Propos recueillis par Elisabeth Lévy

Le Point : Vous évoquez le danger d’une éducation sans société. Mais ne va-t-on pas plutôt vers une société sans éducation, en tout cas sans école, c'est-à-dire, selon votre définition, une société qui n'en serait pas vraiment une ?

Marcel Gauchet : Vous mettez le doigt sur la contradiction dans laquelle nous sommes. D'un côté, aucune société ne demande plus à l'école que la nôtre. On la veut omnipotente en matière de socialisation des enfants, d'établissement de la justice sociale et de fabrication d'un avenir meilleur : l'école, c'est le laboratoire de l'utopie sociale. Mais, en même temps, nous lui refusons inconsciemment, collectivement, les moyens de fonctionner comme une institution. Nous sapons les conditions de possibilité de l'éducation.

Vous pointez un phénomène angoissant et peu remarqué qui est la disparition de la « libido sciendi », cette joie du savoir qui caractérisait même les jeunes qui prétendaient mettre à bas l'école de papa. Comment l'expliquez-vous ?

C'est l'un des événements anthropologiques majeurs des dernières décennies. En premier lieu, il s'explique par le fait que nous avons cessé de croire au caractère humanisant du savoir. Depuis le XVe siècle, l'humanisme moderne est fondé sur l'idée que la dignité de l'homme s'établit au travers de la connaissance. Pour devenir un humain complet, accéder à la sagesse et à l'usage réglé de sa raison, il faut se cultiver, pas seulement par l'acquisition de connaissances, mais aussi par celle de la civilité. Les humanistes accordent une très grande importance aux manières, aux moeurs. Or nous devons constater la mort clinique de cette tradition occidentale, tombée sous les coups de l'individualisation, dans la nouvelle acception de ce terme : on est homme d'abord et en naissant l'humanité vous est donnée, elle n'est pas à conquérir. On naît individu-le savoir vous enrichit mais ne change rien à votre humanité. En clair, l'individualisation a frappé d'obsolescence l'humanisme moderne dans sa philosophie la plus fondamentale.

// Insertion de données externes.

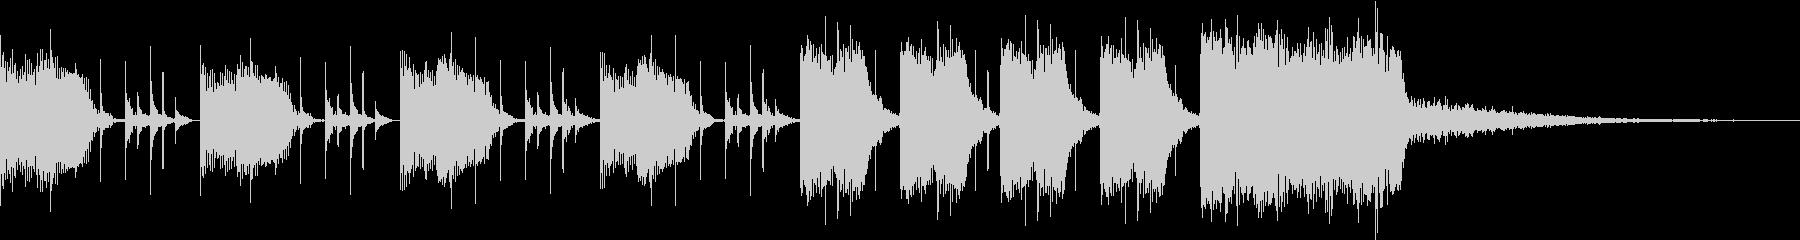 シンキングタイムジングル(10秒)の未再生の波形
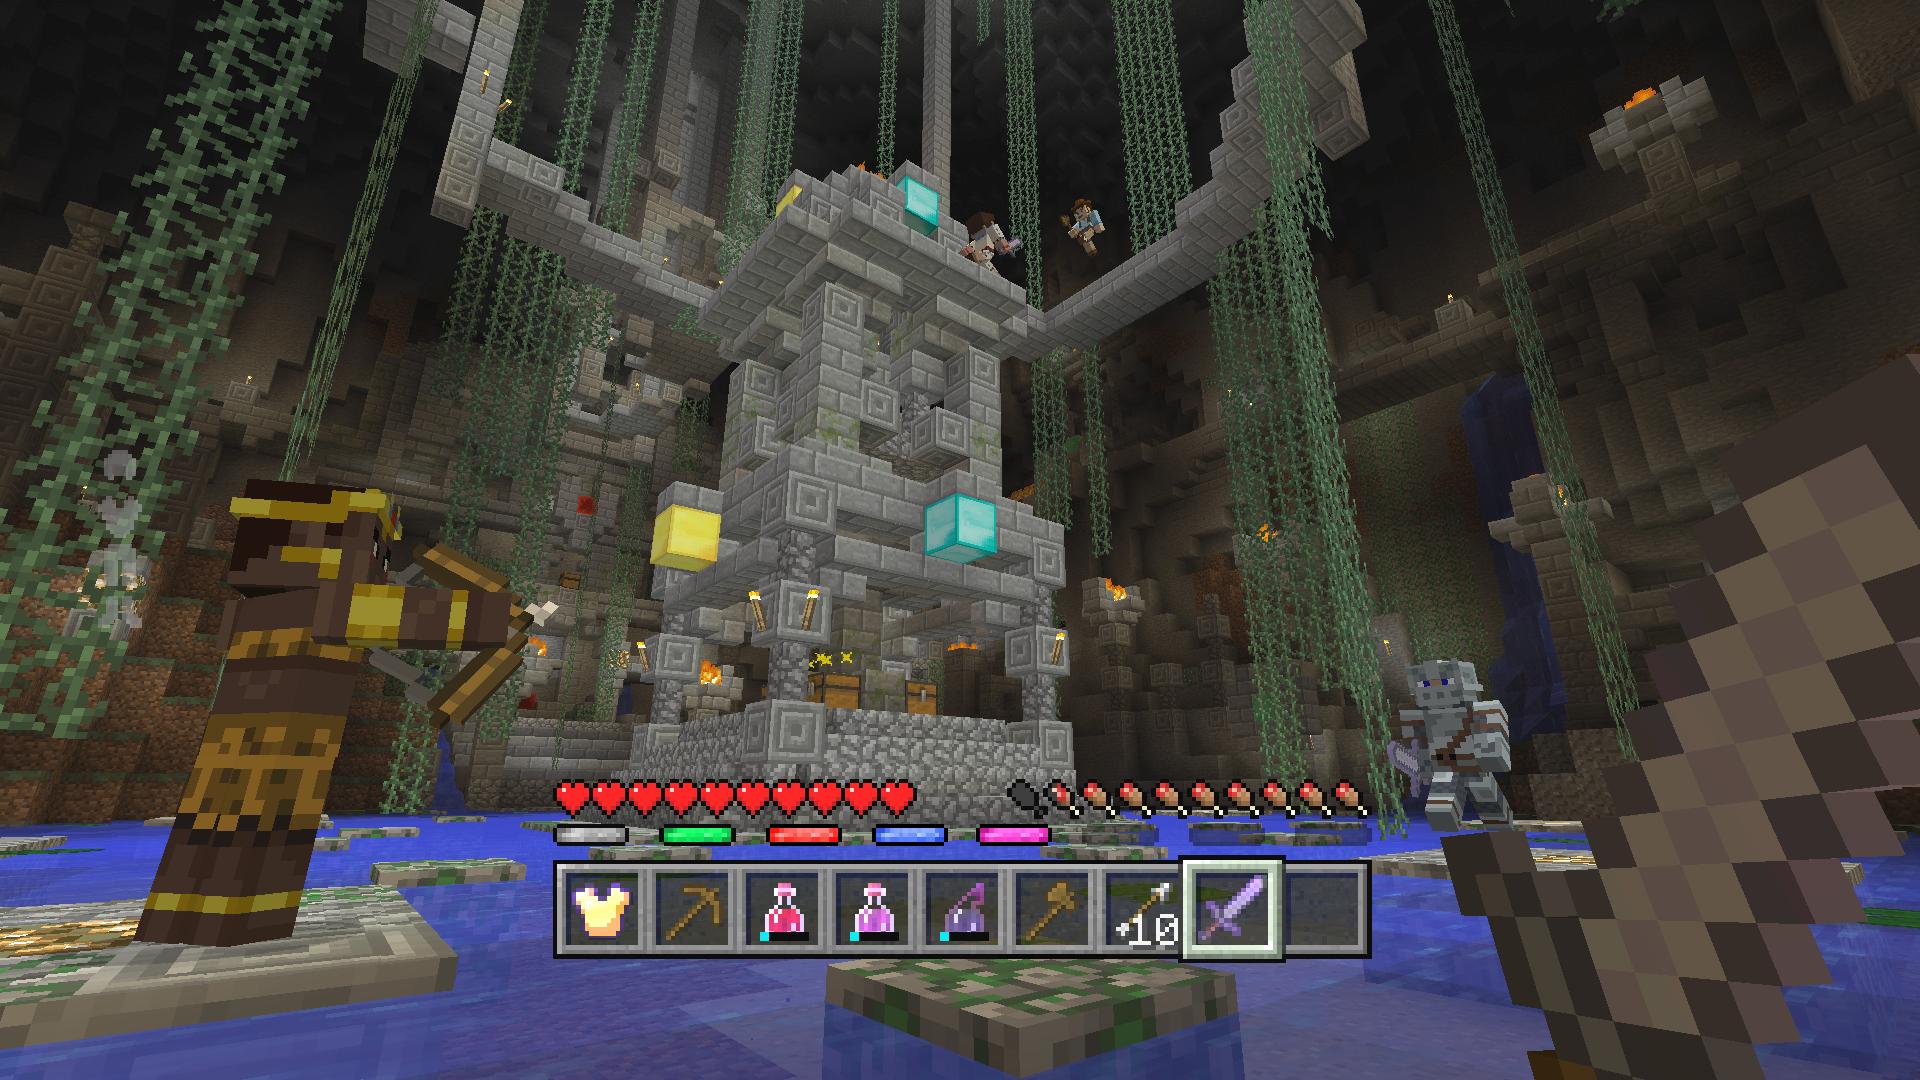 Minecraft Minispiele Für Konsolen Kommen Im Juni - Minecraft spielen sofort

C'est peut-être pire encore. On dirait parfois que la culture n'est pas seulement un ornement dispensable mais un frein à l'épanouissement. « Les savoirs étaient libérateurs, ils sont devenus oppresseurs », écrivez-vous.

On touche là à un deuxième phénomène qui se joue dans la société et dans l'image qu'elle a du savoir. Nous sommes sous le coup du désenchantement de la science. C'est la fin du grand rêve révolutionnaire de la maîtrise par l'homme de son destin. La science nous permettait de prendre en main ce qui nous avait échappé jusque-là pour édifier une société juste et plus encore maîtrisée. Elle demeure utile mais elle ne promet plus cette intelligibilité dernière dont elle a arraché le monopole à l'Eglise. Certes, il n'y a plus de pouvoir des curés, mais il n'y a plus de pouvoir de la science non plus. Elle était émancipatoire, elle ne l'est plus. Non seulement elle est « emmerdatoire », mais elle est dangereuse : tous ces types avec leurs OGM et leurs centrales nucléaires ne nous promettent que des lendemains qui déchantent.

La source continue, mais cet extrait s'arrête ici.